A ringraziare i (falsi?) profeti della morte dell’Islam politico, sarebbe anche l’internazionale jihadista contemporanea, che dall’ideologia dei Fratelli Musulmani ha preso le mosse. Dovremmo smettere d’interessarci ai radicalizzati, come suggerisce Roy, perché «Al Qaeda e ISIS sono stati sconfitti sul campo e qua e là nel mondo resistono [solo] alcune fronde di combattenti, legate però a conflitti locali»? Ciò è in contrasto con i più recenti allarme-terrorismo lanciati dall’ONU e dall’Unione Europea, che gettano luce su una realtà ben diversa da quella prefigurata da Roy.

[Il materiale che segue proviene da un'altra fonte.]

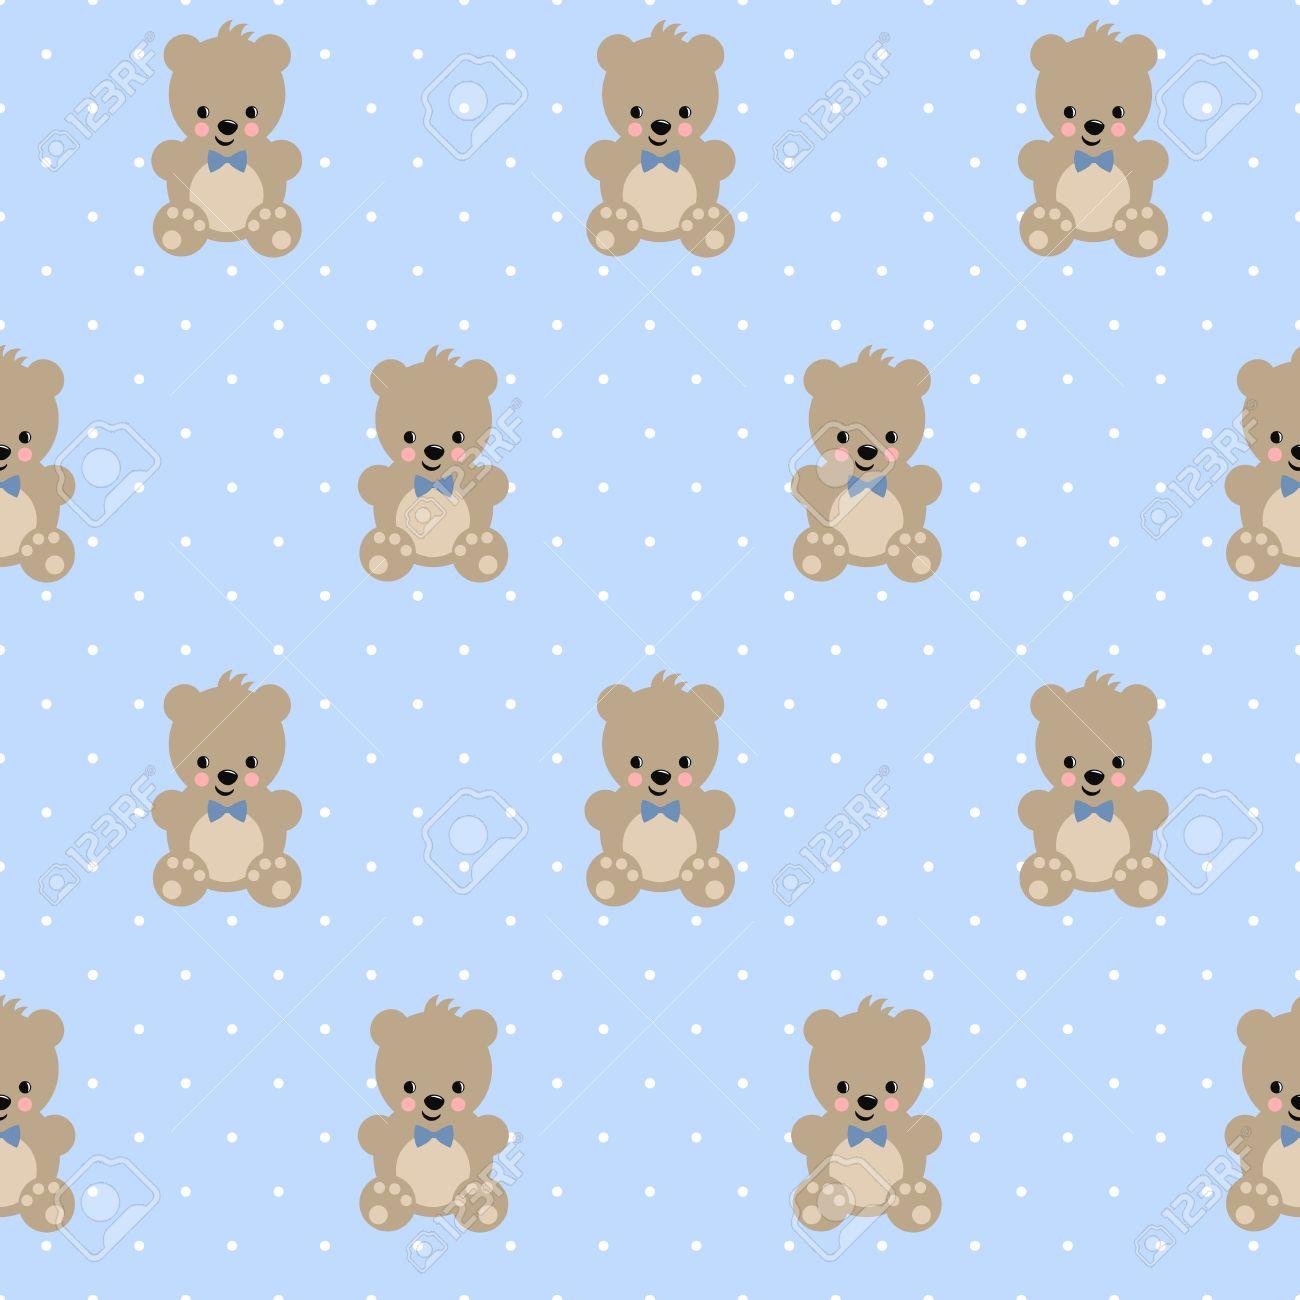 テディベア水色水玉の背景にシームレス パターン クマの赤ちゃん
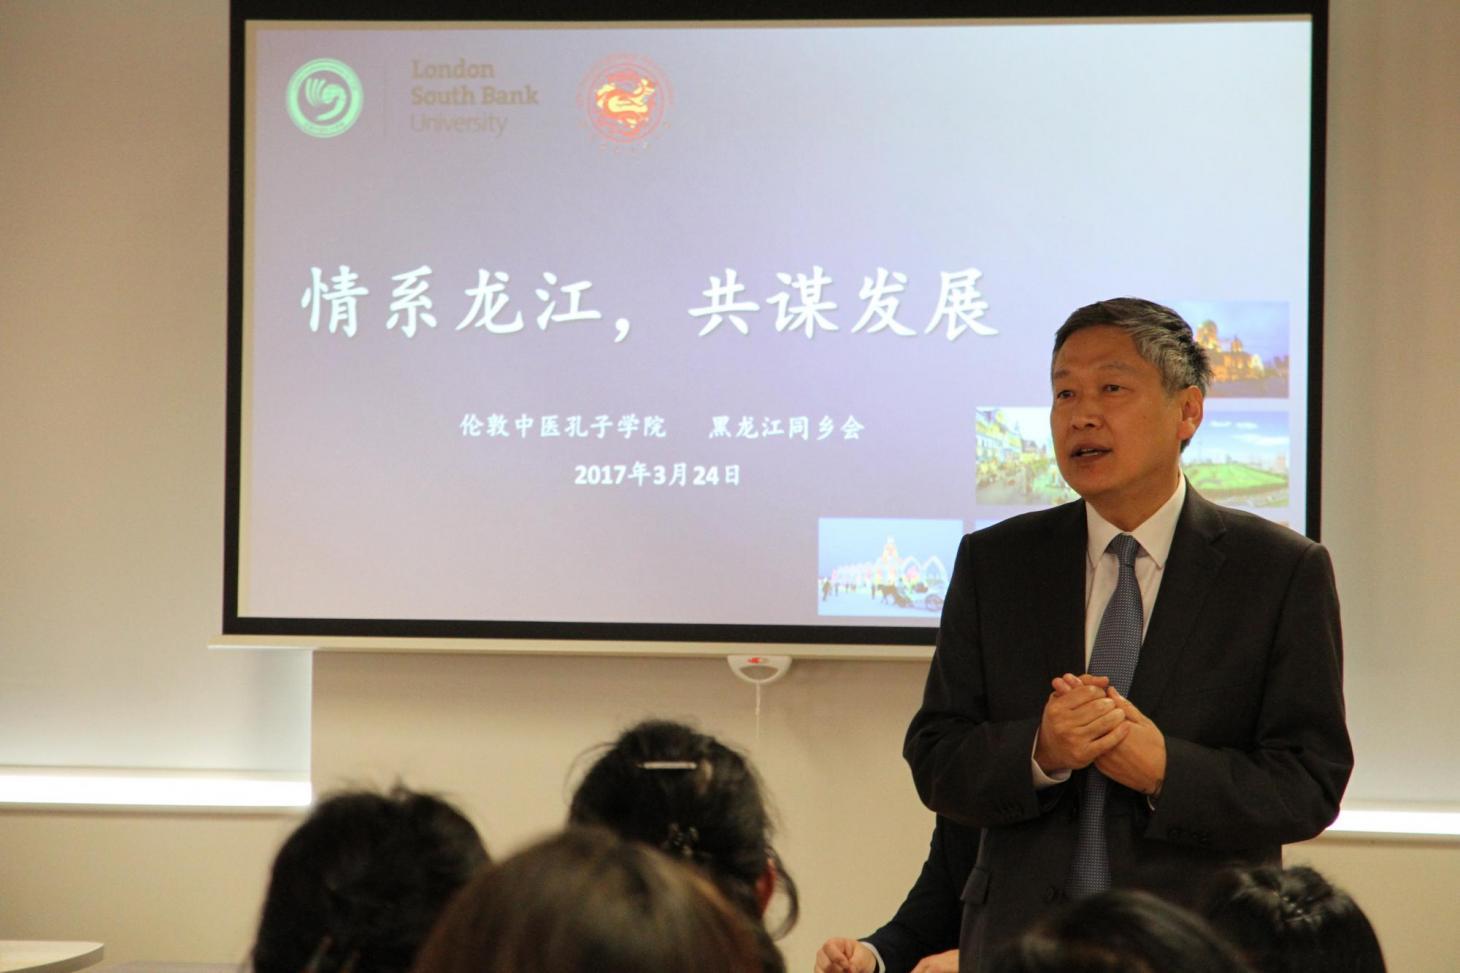 Professor Xu Yinong

Indottrinamento e reclutamento, infatti, procedono incessanti sia sul web che nelle carceri, e ciò è segno della vitalità sia dell’ideologia che delle reti jihadiste.
Enfatizzare poi il fatto che l’Islam politico non è riuscito finora a realizzare i propri obiettivi, non ne certifica in alcun modo il decesso. I fallimenti in cui è incorso durante e dopo la Primavera Araba – in termini di capacità di governo (Egitto) o per non essere riuscito a provocare i cambiamenti di regime auspicati (Siria), a conquistare l’esclusività del potere (Tunisia, Libia) o a mantenere i territori conquistati (ISIS in Siria e Iraq) – sono parte di quel cammino verso il Califfato che i Fratelli Musulmani e i gruppi jihadisti sanno essere lungo e irto di ostacoli, con cadute e momenti sfavorevoli, ma anche risorgimenti e occasioni propizie di cui restano pronti, pazientemente, ad approfittare.
Di ciò è ben consapevole il Segretario Generale della Lega Musulmana Mondiale Muhammad Al Issa, intervenuto al Meeting di Rimini subito dopo Olivier Roy. Già Ministro della Giustizia in Arabia Saudita, Al Issa provenie da una regione – quella del Golfo – i cui paesi hanno subito la nefasta influenza dell’Islam politico dei Fratelli Musulmani. Il conflitto che vede oggi contrapporsi il Quartetto anti-terrorismo, composto Arabia Saudita, Emirati Arabi Uniti, Bahrein ed Egitto, e il Qatar, rappresenta appunto il tentativo del mondo arabo di liberarsi una volta per tutte dell’idra della Fratellanza. Un’idra che resterà in vita e sempre in agguato finché ci saranno stati canaglia guidati da leadership islamiste a supportarla, insieme a intellettuali e accademici occidentali che, consapevolmente o meno, le danno linfa vitale nel momento in cui ne dichiarano la morte.”